A team led by Thomas Schulthess of the U.S.
Department of Energy's Oak Ridge National Laboratory received the prestigious
2008 Association for Computing Machinery (ACM) Gordon Bell Prize Thursday after
attaining the fastest performance ever in a scientific supercomputing application.

The Cray XT5 Jaguar has attained the fastest performance ever in a scientific supercomputing application.
Schulthess is group leader of ORNL's Computational Materials Science Group
and recently accepted a position as director of the Swiss National Supercomputing
Center at Manno, an institution of ETH Zurich. He and colleagues Thomas Maier,
Michael Summers and Gonzalo Alvarez, all of ORNL, achieved 1.352 quadrillion
calculations a second--or 1.352 petaflops--on ORNL's Cray XT Jaguar supercomputer
with a simulation of superconductors, or materials that conduct electricity
without resistance. By modifying the algorithms and software design of its DCA++
code to maximize speed without sacrificing accuracy, the team was able to boost
performance tenfold with the help of John Levesque and Jeff Larkin of Cray Inc.
Jaguar was recently upgraded to a peak performance of 1.64 petaflops, making
it the world's first petaflop system dedicated to open research. The team's
simulation made efficient use of 150,000 of Jaguar's 180,000-plus processing
cores to explore electrical conductance.
To put the achievement into perspective, it would take every man, woman and
child on earth more than 500 years to work through as many calculations as DCA++
gets through in a single day--and that's assuming each of us worked day and
night solving one calculation a second.
Researchers have known about superconductors for nearly a century and have
prized these materials both for their ability to conduct electricity without
resistance, or energy loss, and for their especially strong magnetic field.
Superconducting materials have obvious potential application in power transmission,
and superconducting magnets have found a place in hospital magnetic resonance
imaging machines, particle accelerators such as Europe's Large Hadron Collider,
and magnetic levitation transportation systems.
The challenge is that superconducting materials must be very, very cold. Even
so-called high-temperature superconductors--discovered in the mid-1980s--must
be chilled to a "transition temperature" of around ?°F before
they exhibit their amazing behavior. In addition, a full scientific explanation
is missing of how high-temperature superconductors work.
The team used the DCA++ application within a promising mathematical framework
known as the two-dimensional Hubbard model. These simulations were the first
in which it had enough computing power to move beyond ideal, perfectly ordered
materials. By looking at materials with disorder--or impurities--the team is
moving toward the necessarily imperfect materials found in the real world.
"The real materials are very inhomogeneous," noted team member Thomas
Maier of ORNL.
Specifically, the team focused on chemical disorder in high-temperature superconductors
known as cuprates--layers of copper oxide separated by layers of an insulating
material. By advancing our understanding of the interplay between these imperfections
and superconductivity, the work promises to help researchers push transition
temperatures ever higher, possibly approaching the lofty goal of "room-temperature
superconductors," or materials that exhibit this behavior without artificial
cooling.
The team studied the local repulsion between electrons on the same atom. Because
electrons have a negative electrical charge, they push one another away in what
is known as a Coulomb repulsion. For the material to become superconducting,
however, the electrons must overcome this repulsion and join into units called
Cooper pairs. The team is looking to take advantage of an earlier discovery
that indicates the insulating material promotes this process by drawing electrons
away from the copper oxide layer.
"If you draw electrons away from the copper oxide layers, they become
superconducting," Maier said. "Then the question is, what happens
if you replace lanthanum with strontium, for instance. You do have different
potentials, but you should also have different Coulomb repulsions on each site."

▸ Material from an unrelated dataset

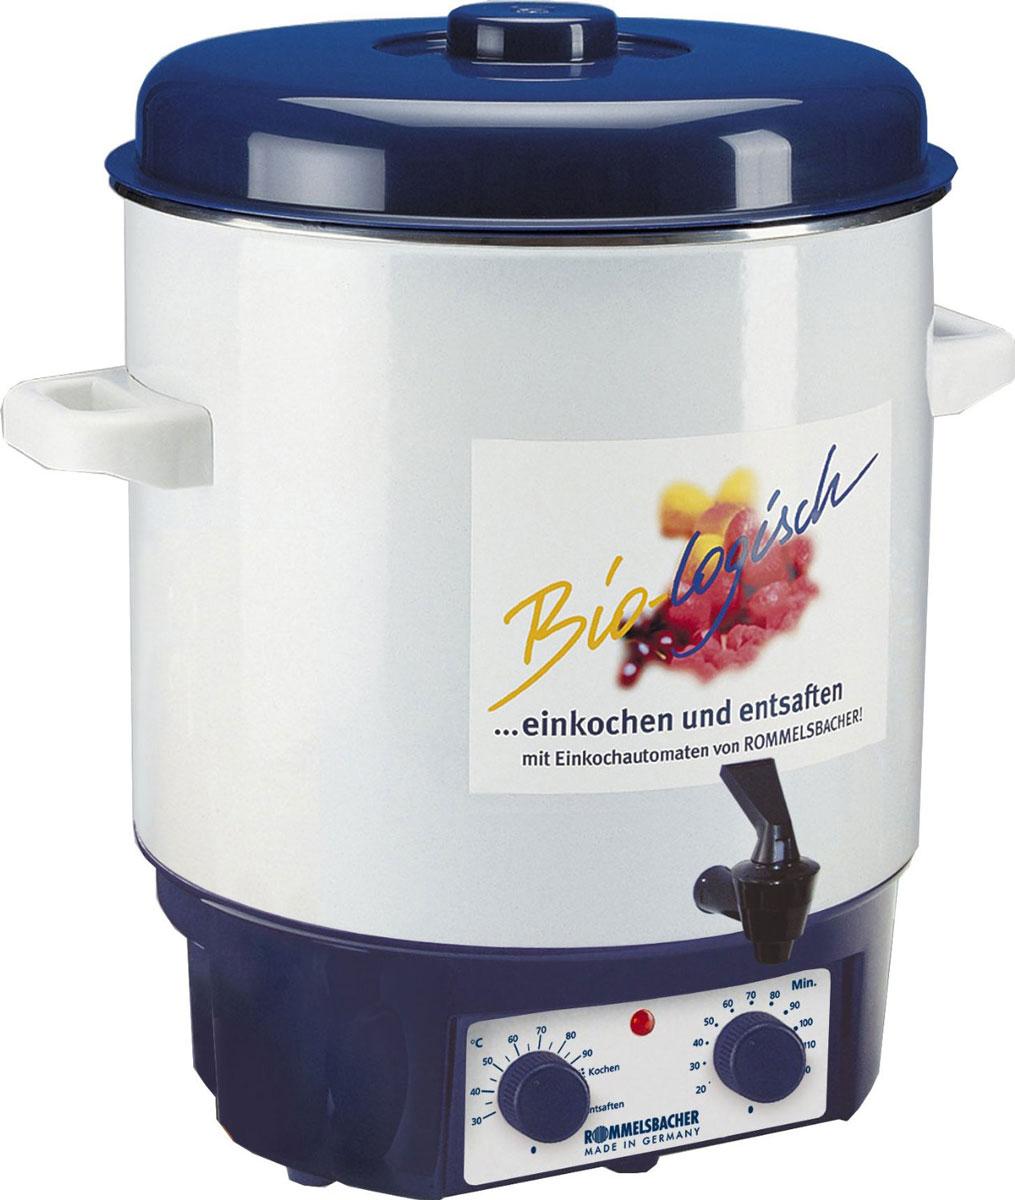 Rommelsbacher KA 1804 глинтвейн-мейкерKA 1804Глинтвейн-мейкер Rommelsbacher KA 1804позволяет в течение всего года наслаждаться плодами лета. Фруктовые соки, глинтвейн и варенье приготавливаются легко, просто и удобно. Также прибор прекрасно поддерживает горячую температуру напитков. Rommelsbacher KA 1804можно использовать для стерилизации банок, а благодаря удобному крану можно наливать горячий глинтвейн, пунш и другие напитки.Контрольная лампа нагреваВстроенный термостатТаймер: 120 минутДвойной слой прочной эмали на баке

To achieve the sustained speed demonstrated in the simulation, the team made
two fundamental changes to the DCA++ application, allowing it to delay memory-intensive
operations and use a less memory-intensive data form. Both of these techniques
exploit the fact that DCA++ uses the Monte Carlo approach, which relies on random
sampling of a variable to explore systems such as the two-dimensional Hubbard
model that do not lend themselves to an exact solution.
Between the two approaches, the team was able to boost the speed of the application
by a factor of about 10, according to team member Marcus Eisenbach of ORNL's
National Center for Computational Sciences. This increase in speed allows the
team to look at a wider variety of materials in increased detail.